Los leí de nuevo, varias veces. Aquello era más complicado. «¿Y si barajo otra vez?», pensé. La figura de Modesto Fárrago como abuelo y de mi criada Ninfa como madre parecían obvias, pero ¿acaso eran verosímiles? Un abuelo «bondadoso» y una madre «materna» eran dos enormes tópicos. Al mismo tiempo, no podía dejar de pensar en ellos como encarnación de tales personajes. Resolví el problema introduciendo una variación: mezclaría dos caracteres y rebautizaría el conjunto (como había hecho Cara Fofa). «¿Acaso no ocurre siempre así? -pensaba-. Un abuelo es bonda doso para su nieto y, al mismo tiempo, es otras muchas cosas.» Decidí utilizar el rectángulo inmediatamente inferior: el abuelo de Natalia sería un hombre como Modesto, calvo, de cabeza amelonada, miope… pero también delgado, demacrado y un poco lascivo, como Gaspar Parra. Un bondadoso viejo verde, portero jubilado, oriundo de Ciudad Real, aficionado a observar a la gente (sobre todo a las mujeres) y a escribir.

Con el mismo sistema emergió la madre. Sería tan «materna» como Ninfa y tan alcohólica como Rosalía Guerrero. Temerosa como Ninfa, enamorada de un hombre inquietante como Rosalía. De ojos grandes y asustados, envejecida. Sus labios delatarían olor a alcohol.
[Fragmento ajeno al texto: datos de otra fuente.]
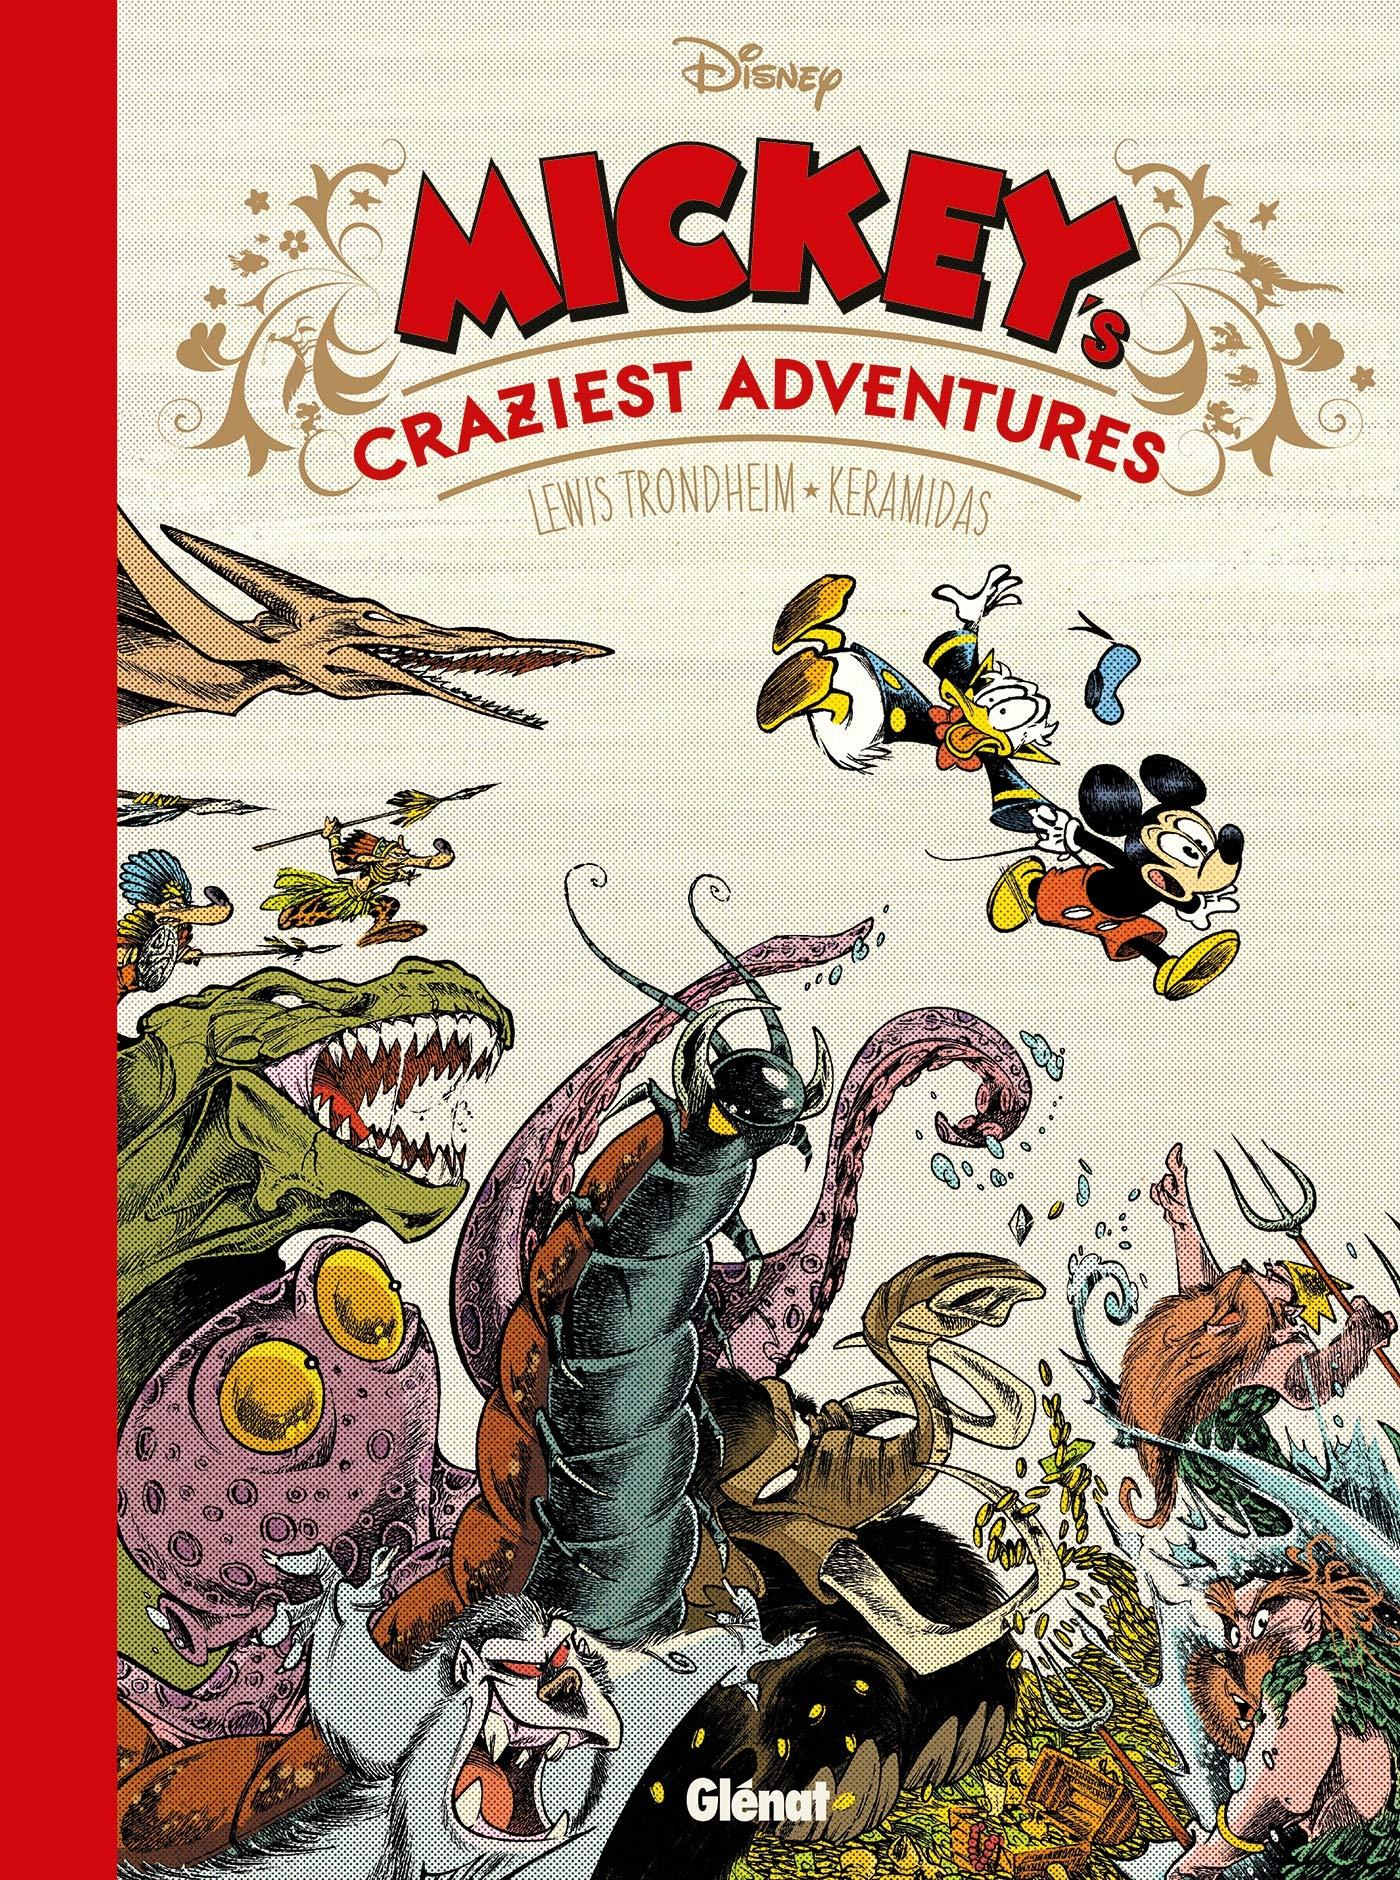 Mickey's Craziest Adventures 1 - Mickey's Craziest Adventures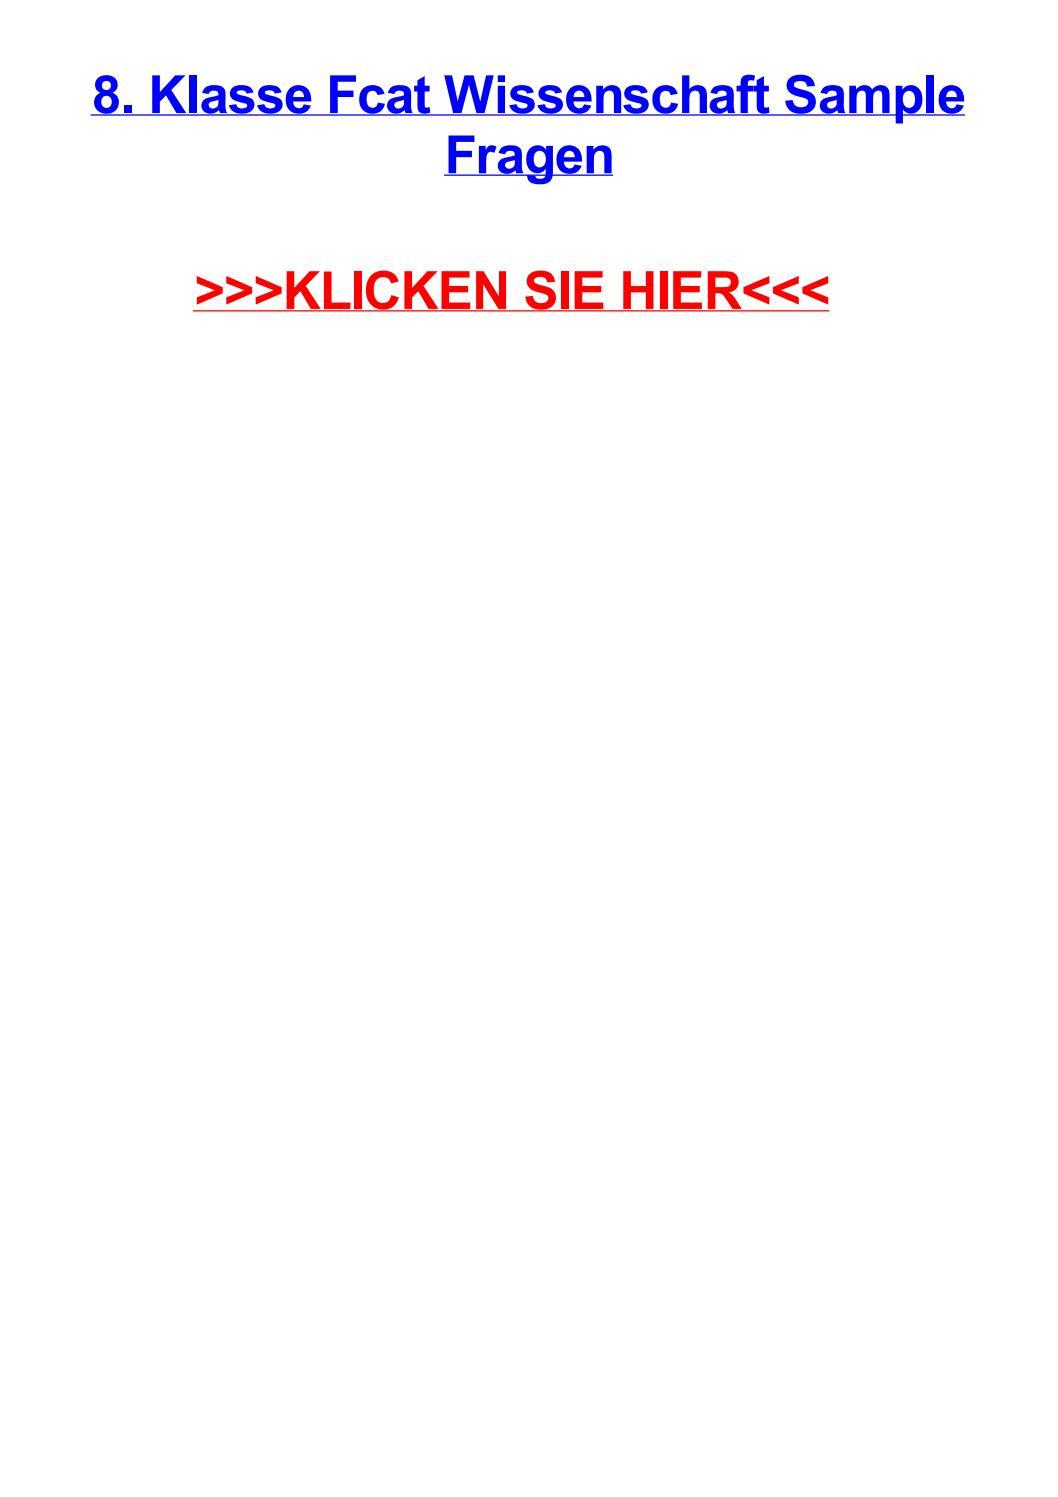 8 klasse fcat wissenschaft sample fragen by reneenkmf - issuu

«Y el azar me favorece -reflexioné-. Porque ella ha salido al abuelo en la delgadez y la miopía y a la madre en los ojos grandes y asustados.»

Usé los nombres inferiores y trastoqué los apellidos: el abuelo se llamaría Gaspar Guerrero; la madre, Rosalía Parra. Abuelo paterno y madre: el comienzo de una familia cualquiera.